Radikalisme dan Fundamentalisme

Pada abad ke-20 ini, muncul paham-paham Islam fundamental dan Radikal yang mengancam persatuan Indonesia. Betapa tidak, tradisi Islam Indonesia yang ramah diubah menjadi cara-cara kekerasan. Padahal Islam mengajarkan dakwah dengan cara kelembutan dan cara-cara yang baik, bukan dengan ancaman maupun kekerasan.

Hal ini sangat diametral, mengingat Islam merupakan rahmatan lil ‘alamin. Menurut KH. Hasyim Muzadi “Islam dapat berubah menjadi fitnatan lil ‘alamin bila berada di tangan yang salah”. Islam yang seharusnya menjadi rahmat bagi seluruh alam, dapat berubah menjadi masalah bagi seluruh alam jika berpindah pada tangan yang salah.

Paham-paham tersebut juga akan menghancurkan persatuan umat Islam. Bahkan melahirkankan stigma negatif terhadap Islam. Hanya karena kepetingan kelompok, mereka rela melakukan kekerasan dan pemaksaan atas nama Islam. Dampaknya akan berimbas pada umat muslim yang tinggal di wilayah minoritas. Mereka akan mendapat perlakuan diskriminasi dan tersudutkan di pojok-pojok kehidupan.

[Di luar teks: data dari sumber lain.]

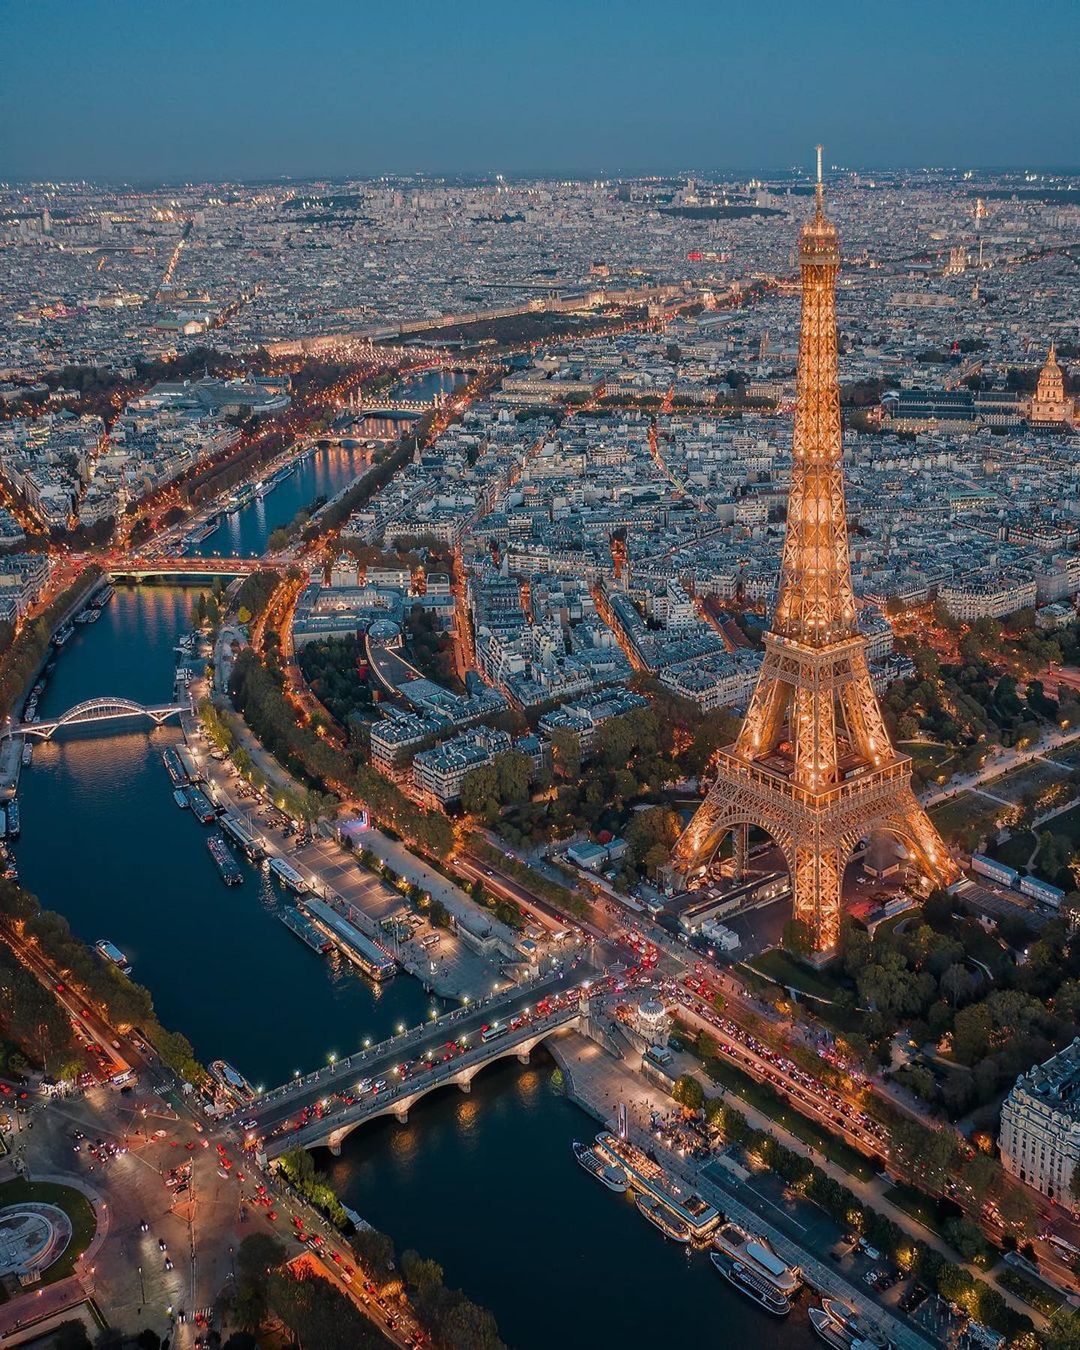 Veduta panoramica della capitale francese e delle sue mille luci (Instagram)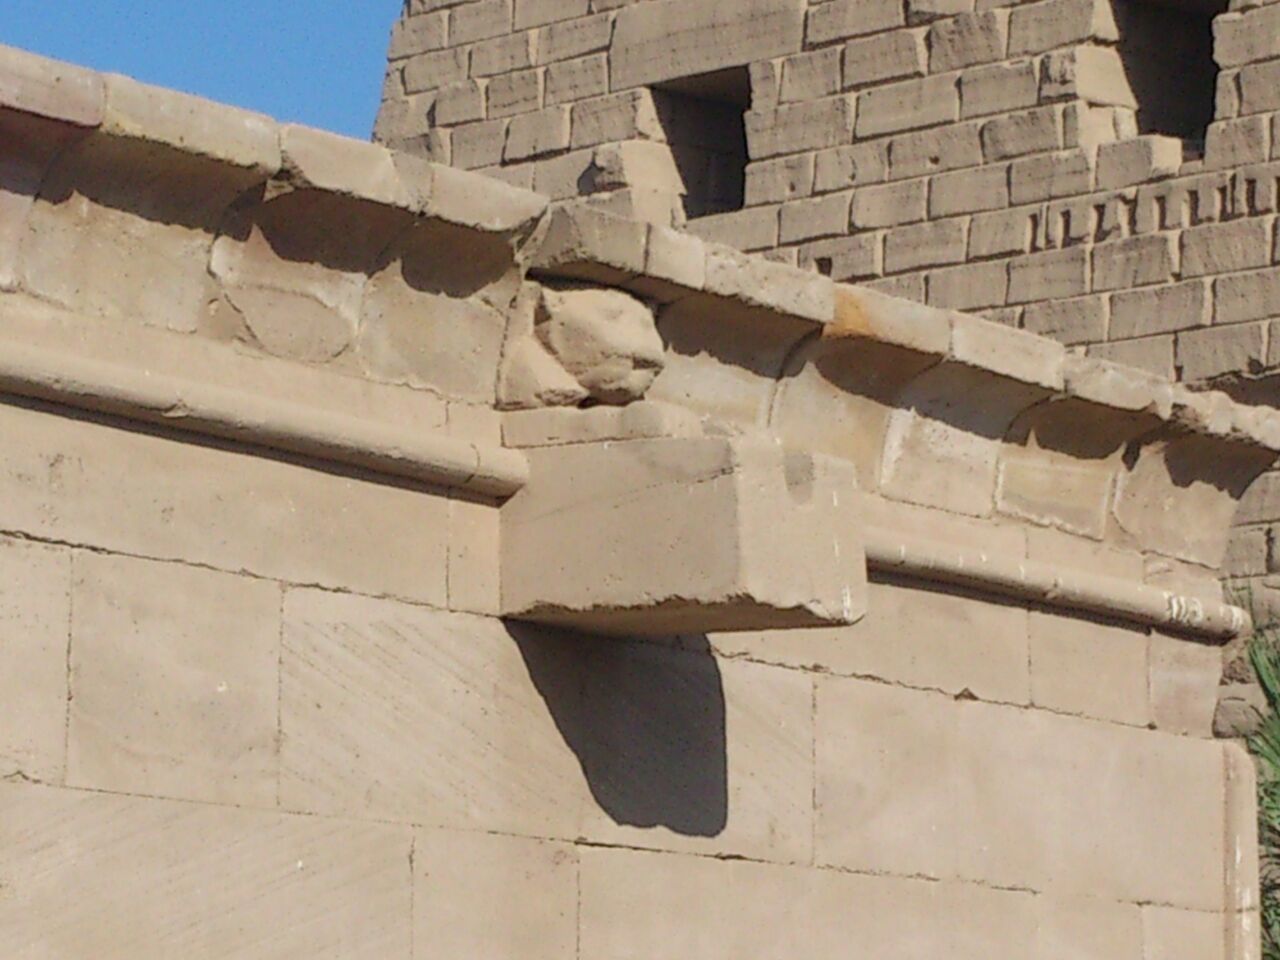 أفكار القدماء المصريين بمعبد الكرنك لمواجهة أخطار "الأمطار والسيول" للحفاظ علي تاريخهم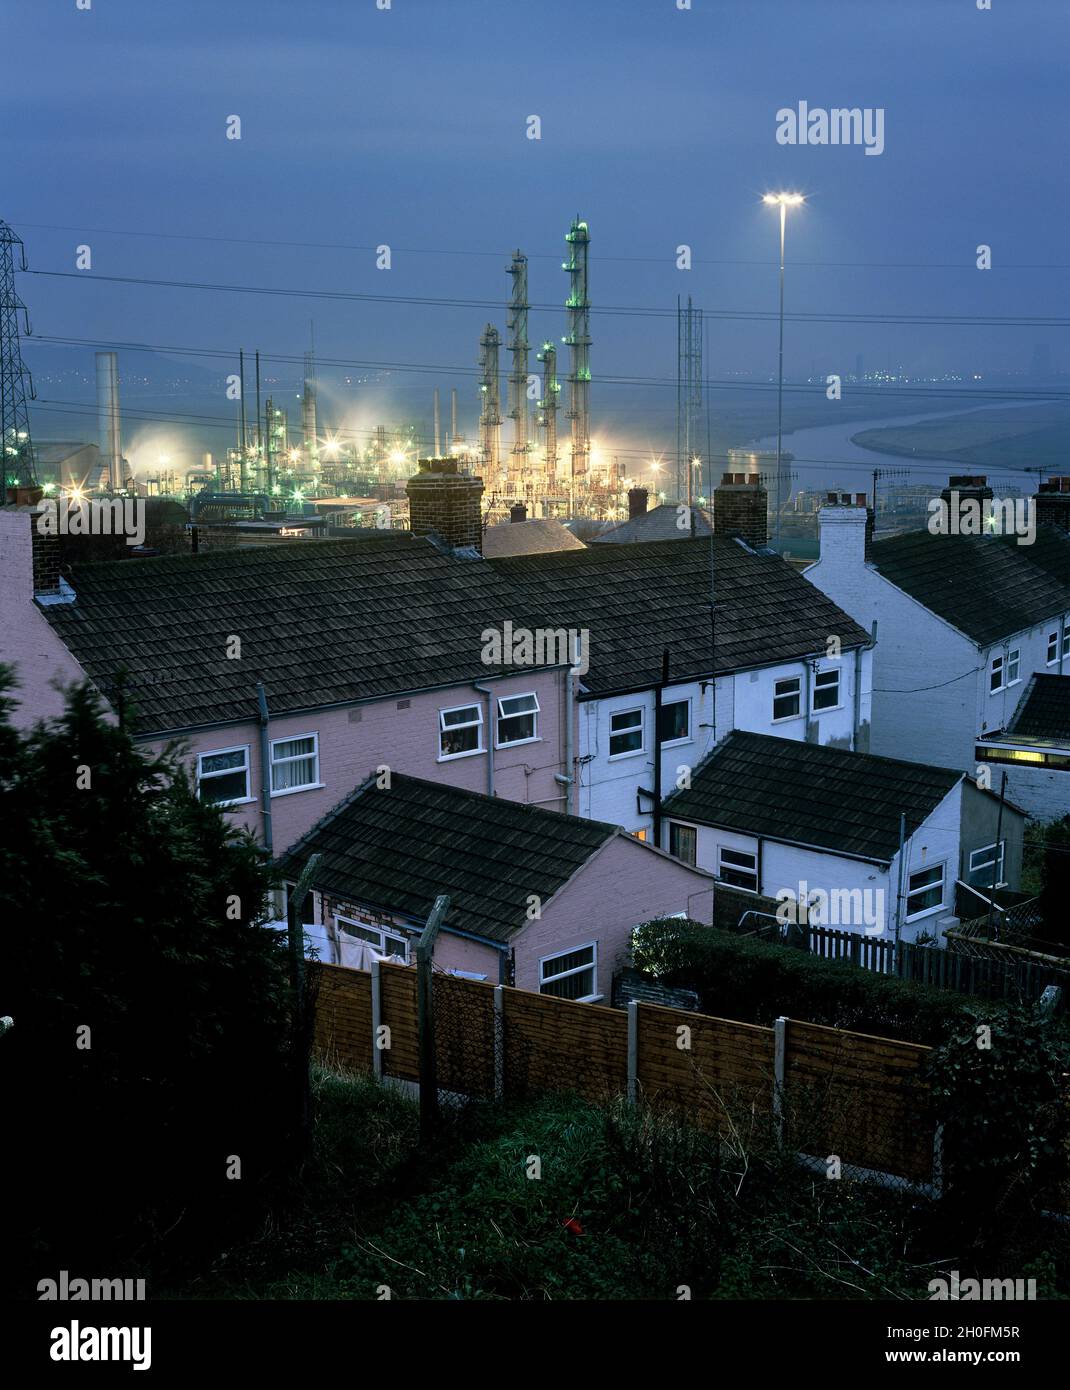 Gehäuse neben Lösungsmittelreaktortürmen im ehemaligen ICI-Chemiewerk Runcorn. Stockfoto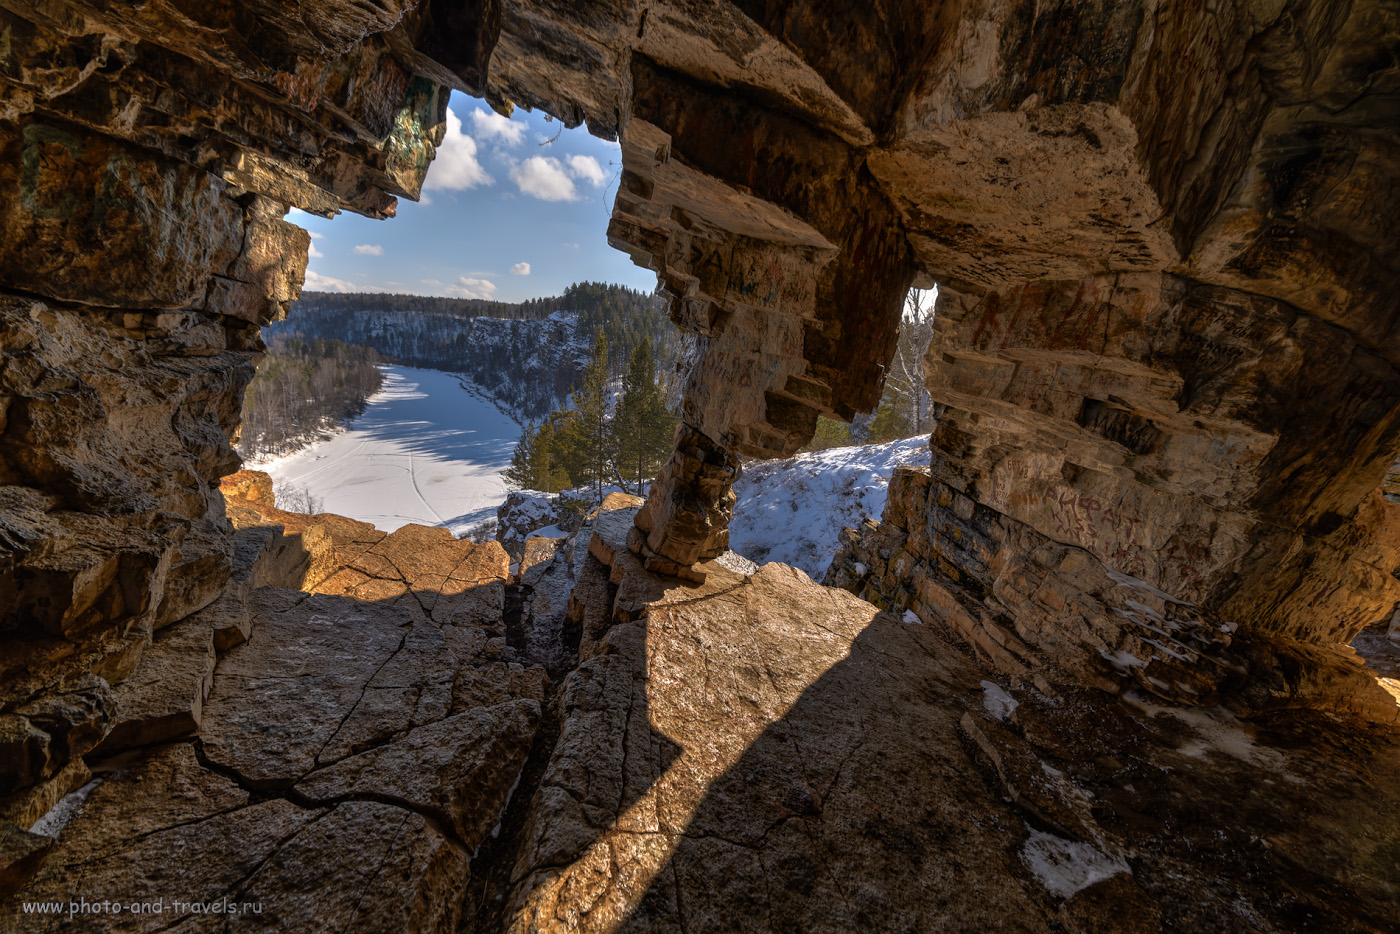 Фото 37. Виды из грота Идрисовской пещеры вверх по течению реки Юрюзань. Камера Nikon D610, объектив Samyang 14 mm f/2.8. HDR из трех кадров. 1/250, -0.67, 9.0, 160, 14.

Islam radikal tercermin pada sebuah gerakan bernama ISIS (Islamic State Of Irak and Syiria) yang beberapa mutakhir ini mengancam bukan hanya Islam, tetapi juga atas dasar kemanusiaan. Di tanah air terjadi fenomena yang membuat geger semua pihak, ketika 16 orang WNI di Turki dinyatakan hilang. Mereka disinyalir ikut bergabung dengan ISIS pada beberapa bulan lalu. Bukan hanya di negeri bekas kajayaan Islam terakhir itu saja, di tanah air pun sempat menjadi tempat pembaiatan bagi simpatisan yang mengklaim Abdurrahman Al-Baghdadi sebagai khalifahnya. Lebih buruknya, pembaiatan ini terjadi di Aula Syahida Inn, kampus UIN Syarif Hidayatullah Jakarta. Kampus yang semestinya mampu memfilter gerakan-gerakan radikal dan fundamental, justru menjadi benih-benih kemunculan paham-paham tersebut.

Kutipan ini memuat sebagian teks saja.